- Spouse: Kamakaimoku Kekaulike-i-Kawekiuonalani Kapaihi-a-Ahu Kalanikumaikiekia Kaolanialii
- Issue: Kalaniʻōpuʻu Keawemauhili Alapaiwahine
- House: House of Keawe
- Father: Keaweʻīkekahialiʻiokamoku
- Mother: Lonomaaikanaka

= Kalaninuiamamao =

Hawaiian prince

Kalaninuiamamao (sometimes called Ka-I-i-Mamao or Kaeamamao) was a prince of the Big Island of Hawaiʻi, or 1st Aliʻi Nui of Kaʻū, an ancestor of the Queen Liliuokalani. He is probably the Hawaiian chief with the most varied spelling of his name.
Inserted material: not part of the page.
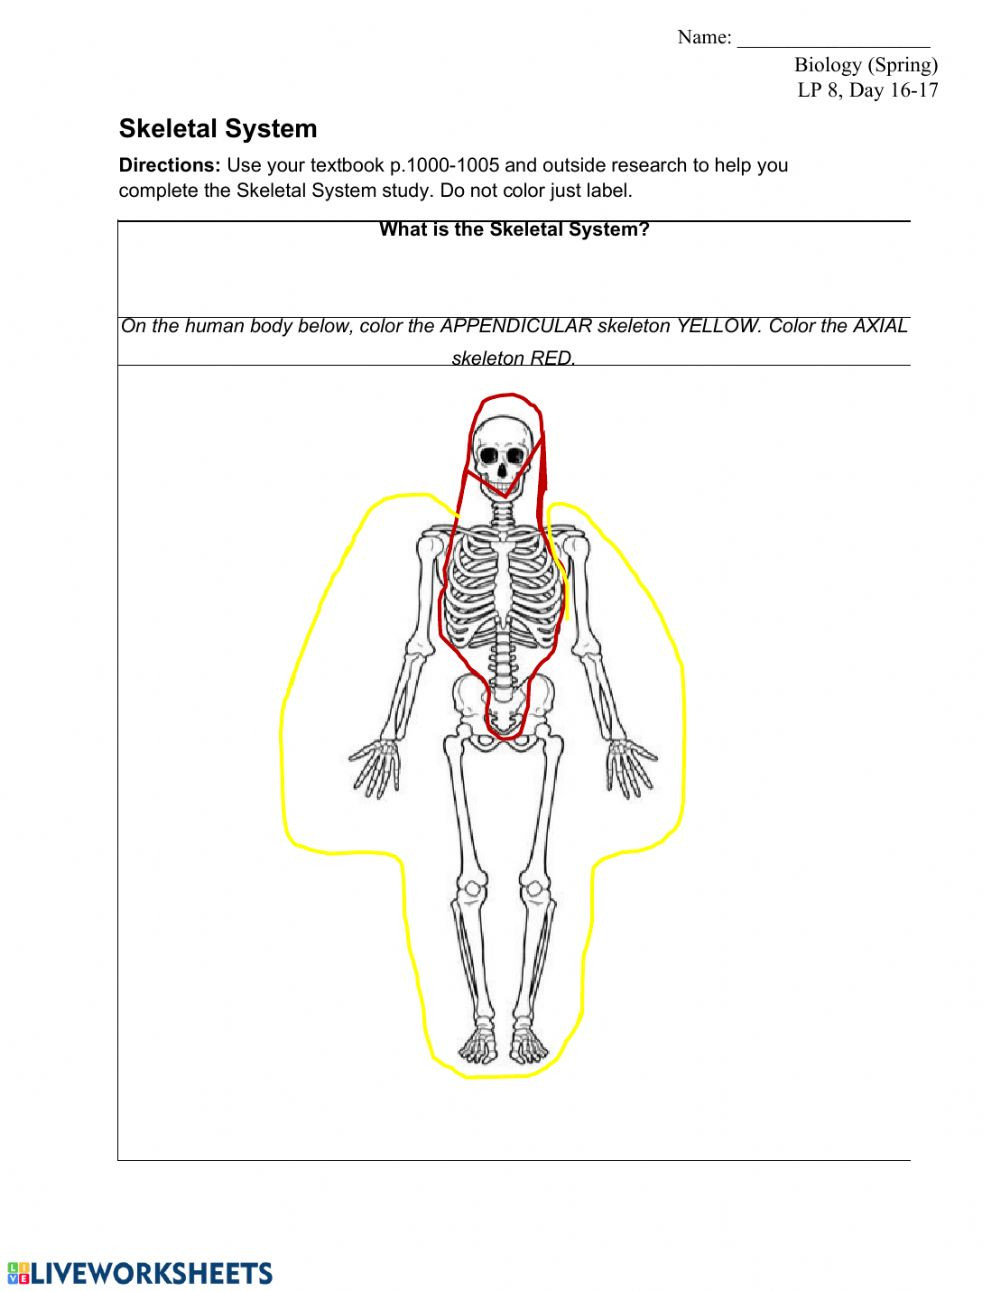 Appendicular Skeleton Worksheet Answers Biology Lp 8 D 16 17 Interactive Worksheet
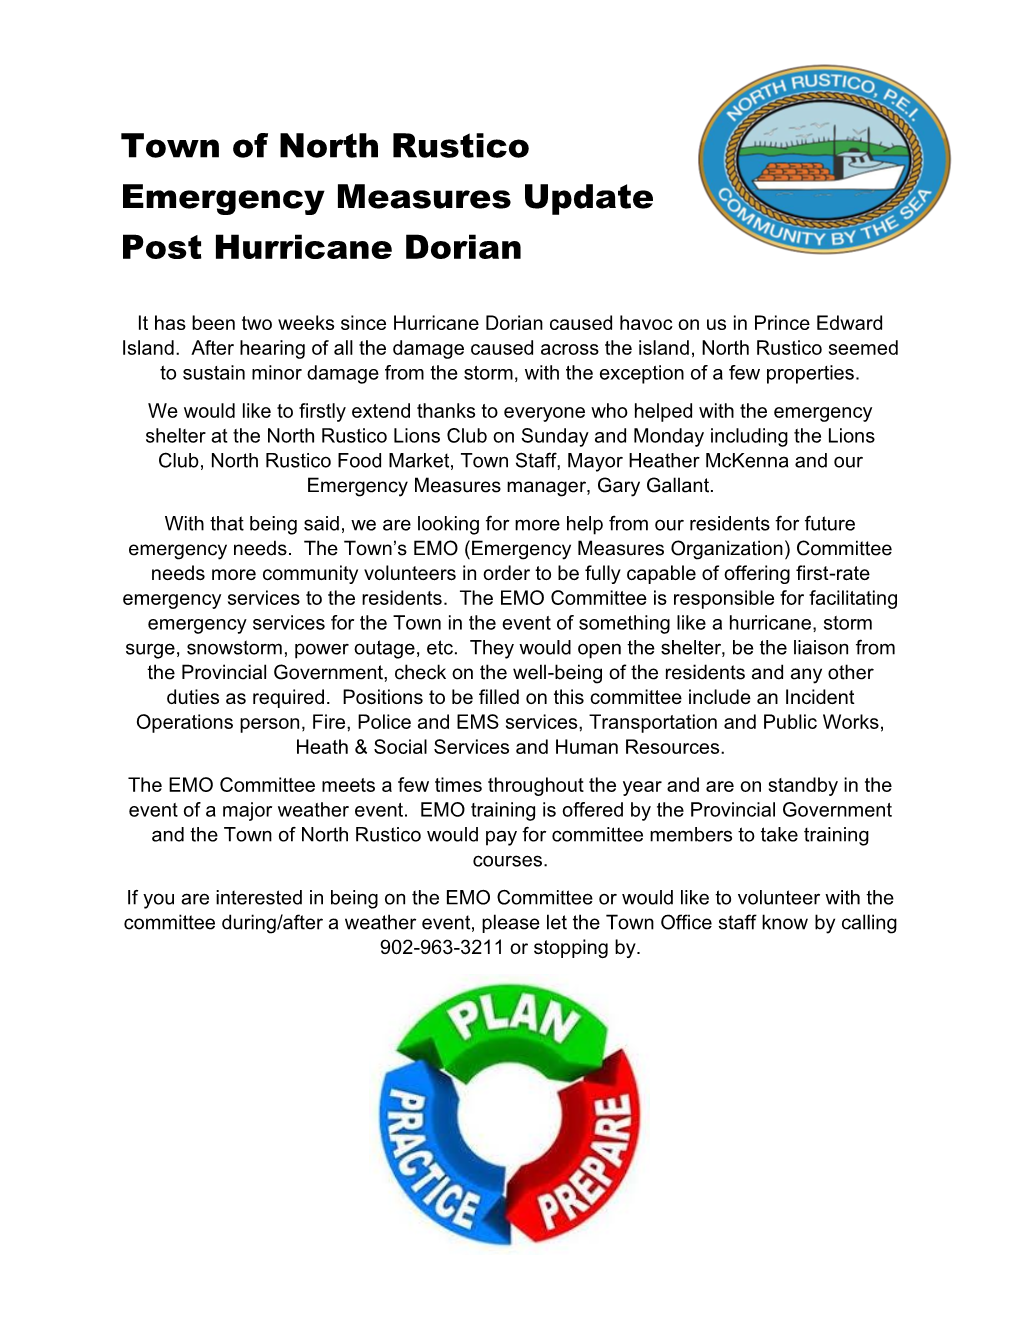 Town of North Rustico Emergency Measures Update Post Hurricane Dorian

The Kumulipo was composed in honor of his birth and was passed by him to his daughter Alapaʻiwahine. He was called Lonoikamakahiki III in this chant.

== Biography ==
Kalaninuiamamao was born of Keaweʻīkekahialiʻiokamoku, aliʻi nui of Hawaii, and his wife Lonomaaikanaka. He was his father's eldest son, but his rank was considered minor because of the distant relationship of his father and mother, unlike his brother Keeaumoku Nui who was the son of Princess Kalanikauleleiaiwi.

During his father's lifetime, he had established Kaiʻiʻmamao as Aliʻi Aimoku, principal chief of the District of Kaʻū. After the death of their father, the Big Island was divided with the brothers controlling only the Northern portions of the Big Island since Mokulani, who ruled over Hilo, Hāmākua, and part of Puna, declared himself independent of the two brothers, who apparently were unable to enforce their claims to the throne. Legend has it, that after Keawe's death, while both brothers were living in their respective territories a quarrel arose between them over the claim to the Big Island throne, and that Kaiʻiʻmamao was killed, or caused to be killed, by Keʻeaumoku Nui. One version of legend states that he was deposed ("Wailani") by the landholders ("Makaʻainana") of Kaʻū, who were a notoriously and proverbially turbulent people, frequently deposing, and even slaying, their chiefs, when, either from popular caprice of personal tyranny, they had become unpopular.

Kalaniʻōpuʻu, the son of Kalaninuiamamao assumed the lordship of his father's land as his patrimonial estate. Kalaniʻōpuʻu later passed it as such from him to his son Kīwalaʻō.

== Consorts and children ==
Kalaninuiamamao visited Kauai as well as Oahu, where he fell in love with the Chiefess Kamakaimoku, and engaged her to come to Hawaii as his bride. Living with him at the court of his father, they had a son Kalaniʻōpuʻu, who afterwards succeeded him. Their union was not of long duration, for within a year or two she left him and became the wife of his brother Keeaumoku Nui, and to him she bore another son, Keōua. Kalaninuiamamao married again to his half-sister, Princess Kekaulike-i-Kawekiuonalani. His third wife was Kapaihi-a-Ahu, the daughter of Ahu. His fourth wife was Kalanikumaikiekia. His fifth wife was his own daughter Kaolanialii. He had issues, two sons and two daughters. His second son by his second wife was Keawemauhili. His eldest daughter, by Kapaihi, was Kaolanialii who became his fifth wife. His youngest daughter and granddaughter by his fifth wife was Alapaiwahine. From Keawemauhili descended the House of Kawānanakoa, and from Alapaiwahine descended the House of Kalākaua.